Au vu des circonstances, il faudrait être rabat-joie pour faire remarquer que les spécialistes de Proust estiment aujourd’hui que Combray est tiré autant d’Auteuil (près de Paris) où vivait son oncle, que d’Illiers. Ou, d’une manière encore plus hérétique, qu’il ne semble pas avoir été si soucieux des madeleines. Dans une ébauche précédente du roman, les mêmes souvenirs étaient déclenchés par une biscotte mangée avec du miel.
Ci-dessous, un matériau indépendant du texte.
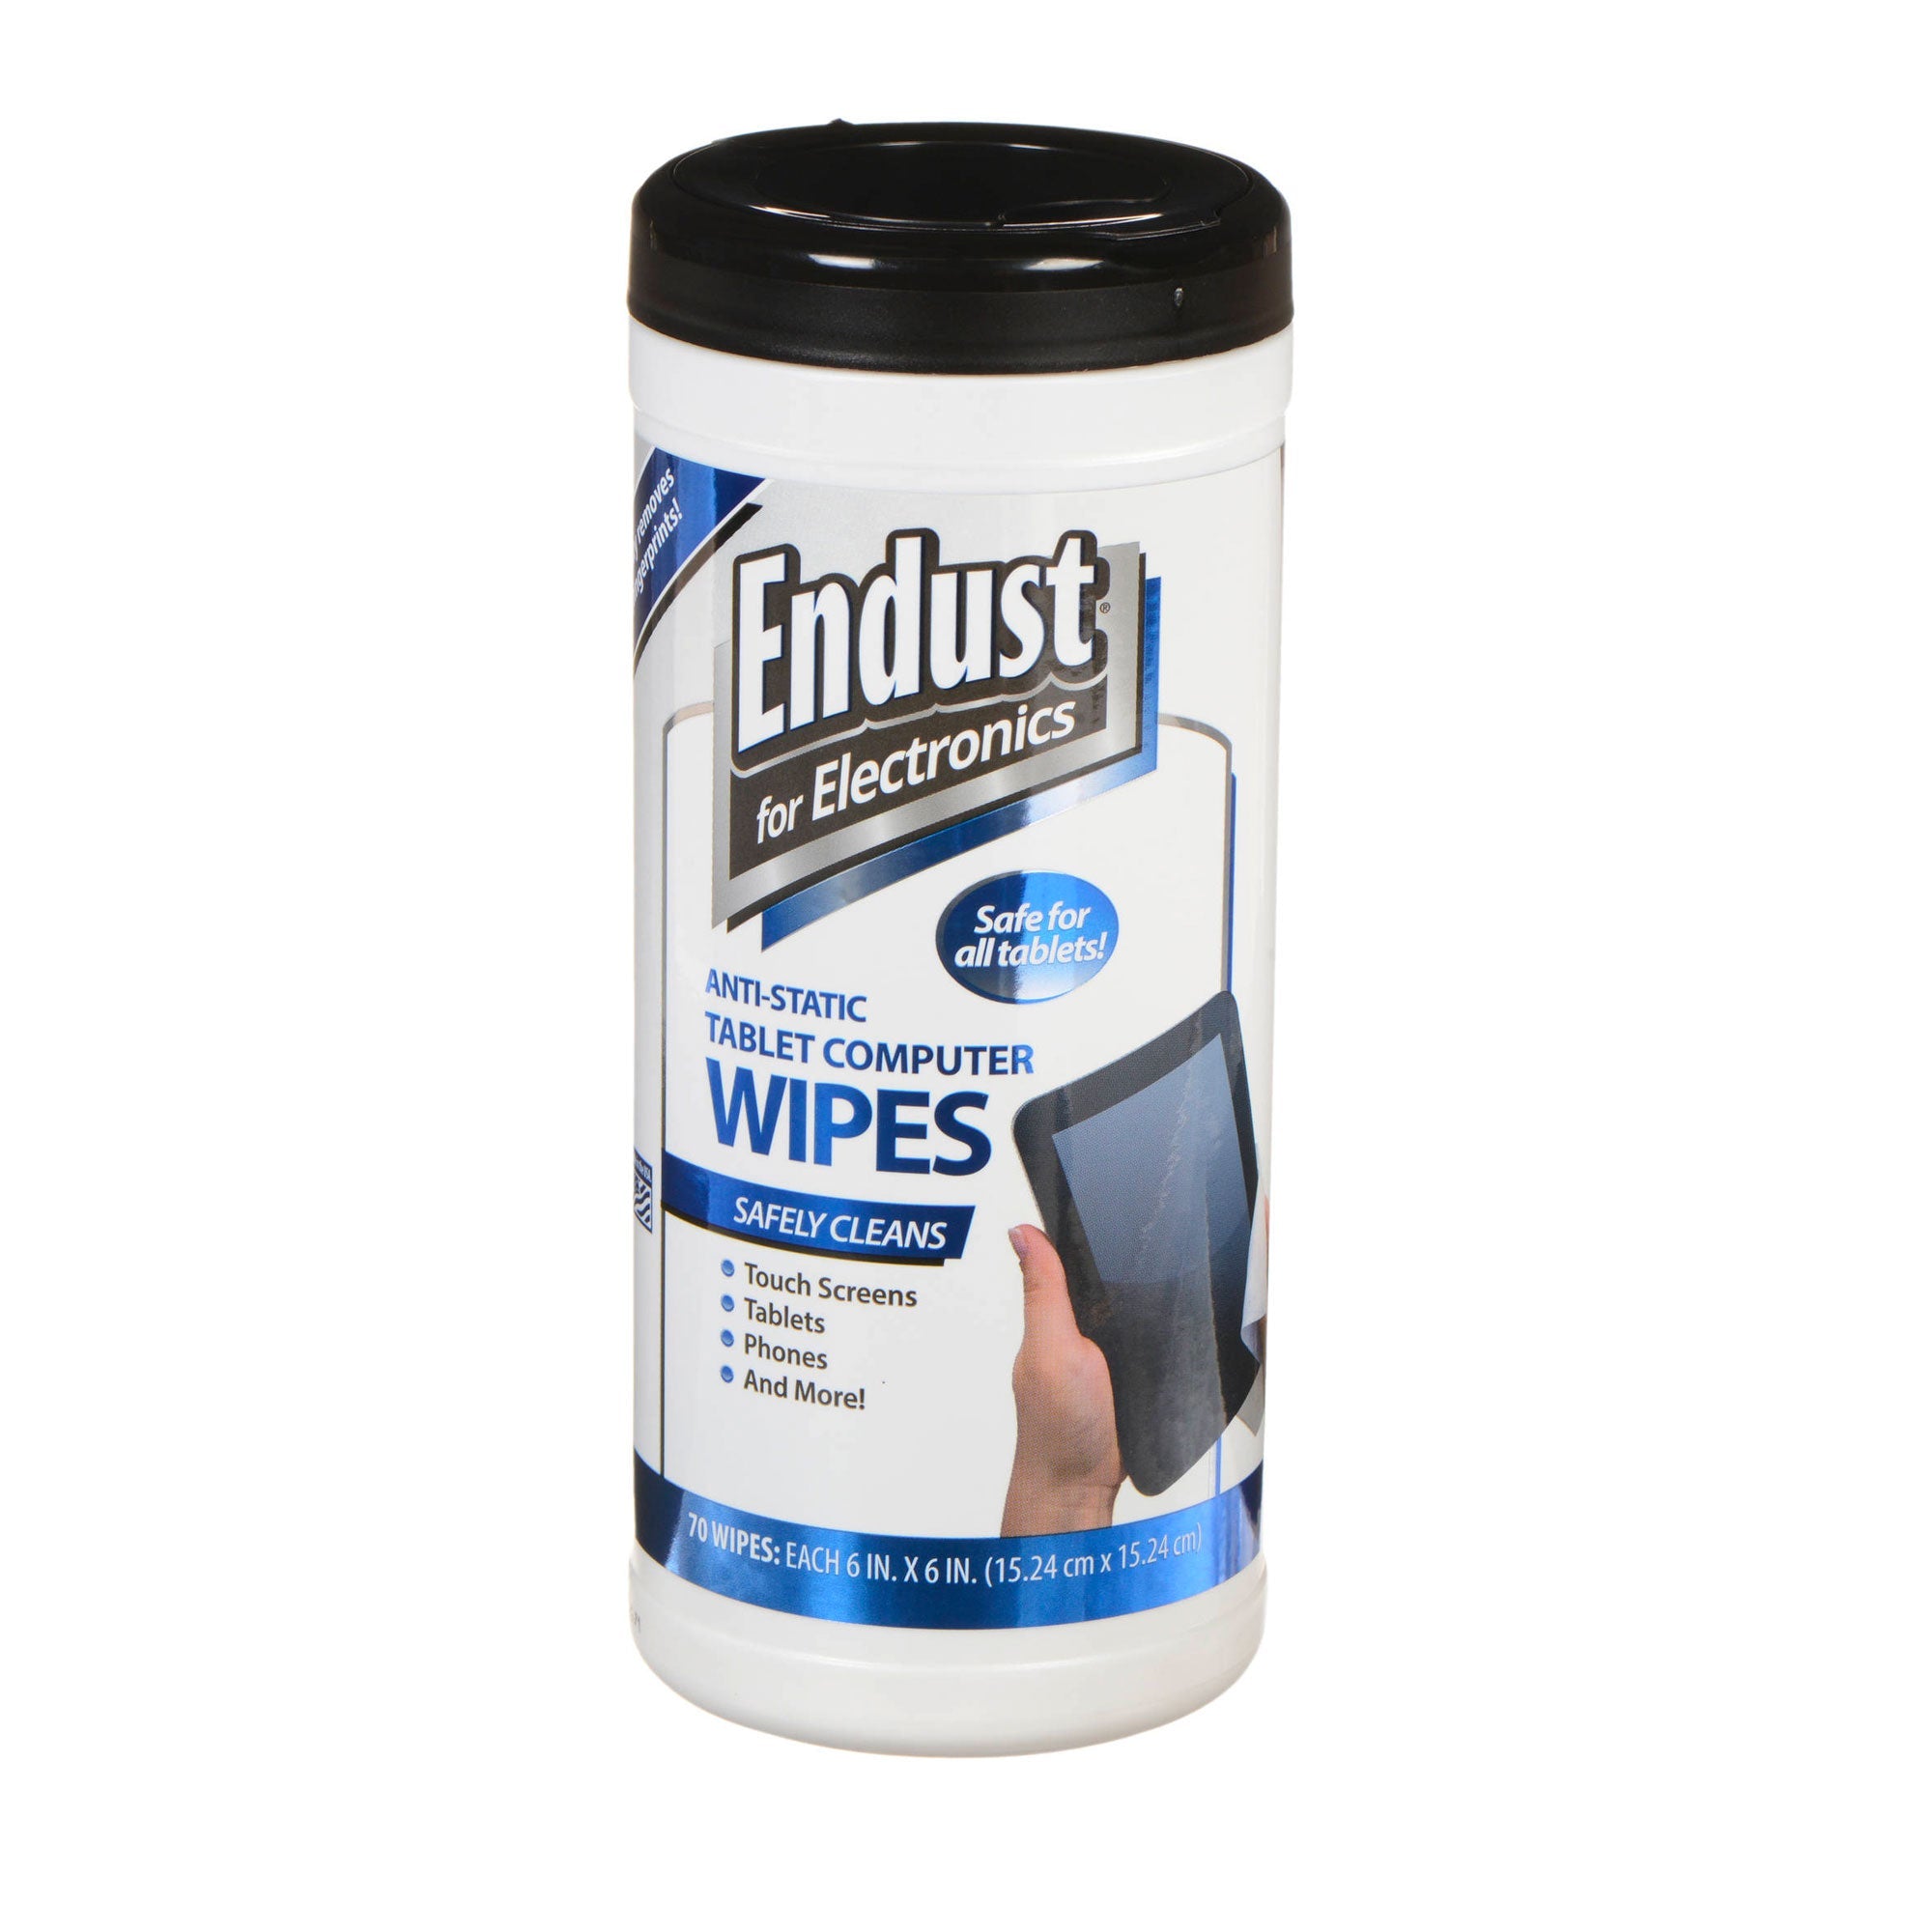 Endust Anti-Static Tablet Computer Wipes (70 Count)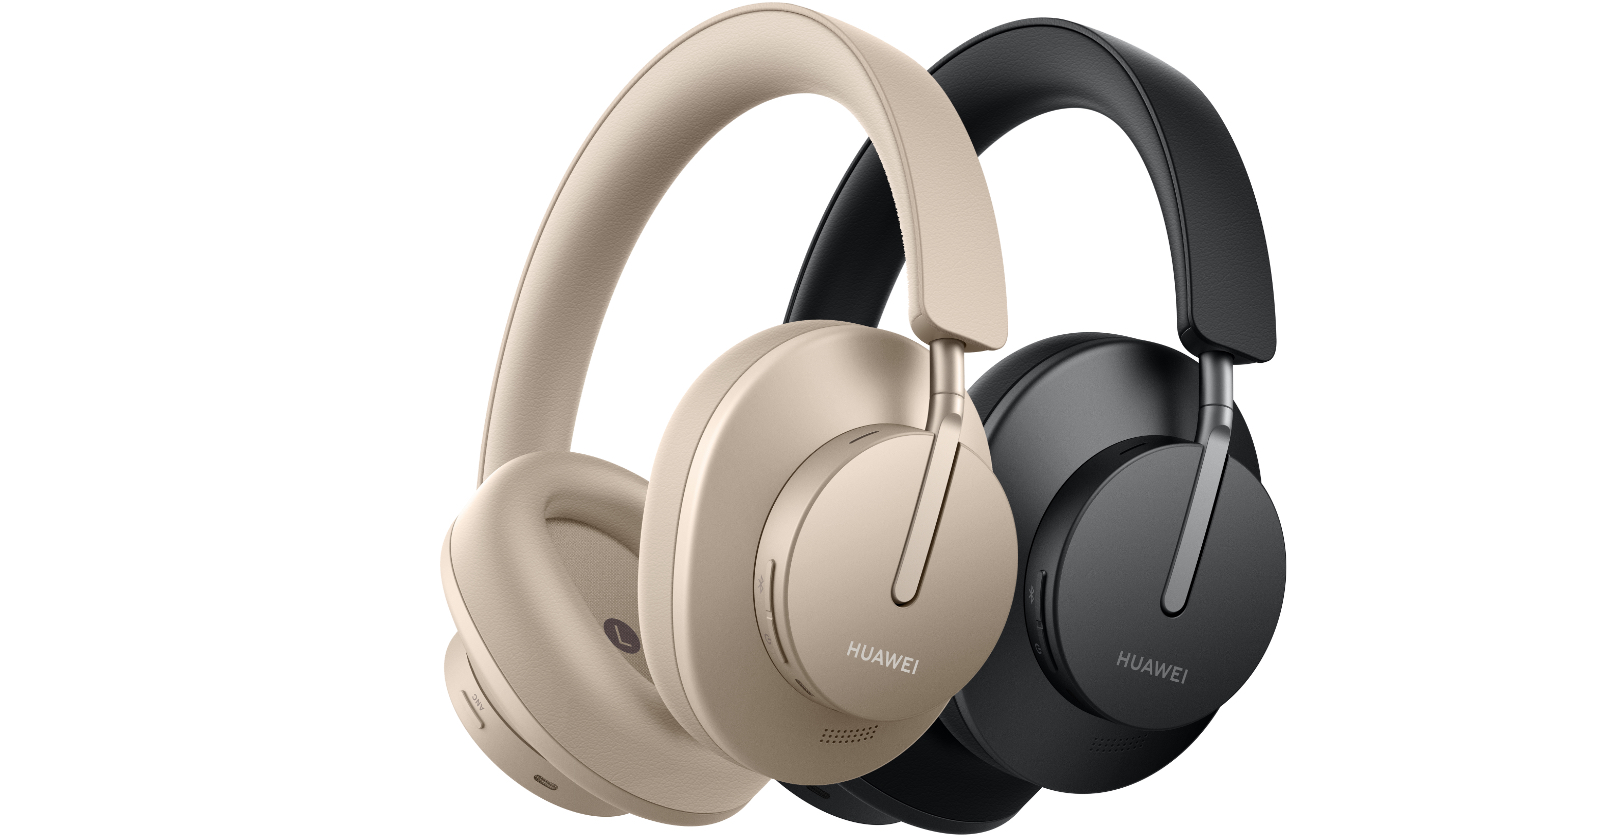 Huawei Headphones Offer Pure and Clear Sound

En 2007, Jonah Lehrer raconte dans Proust était un neuroscientifique le travail avec le gagnant du Prix Nobel Eric Kandel concernant les expériences de pointe sur la nature de la mémoire ; des expériences qui, selon Lehrer, ont prouvé que Proust avait déjà obtenu les mêmes résultats. Il apparaît que le goût et l’odorat sont les seuls sens directement liés à l’hippocampe, le centre de la mémoire à long terme du cerveau. Les autres sont traités par les parties touchant au langage, et ne peuvent donc pas produire de souvenirs aussi intenses ou spontanés. Rien d’étonnant à ce que rien ne nous rappelle instantanément autant de choses que le goût ou l’odeur de ce que nous mangeons - même s’il s’agit d’un simple gâteau.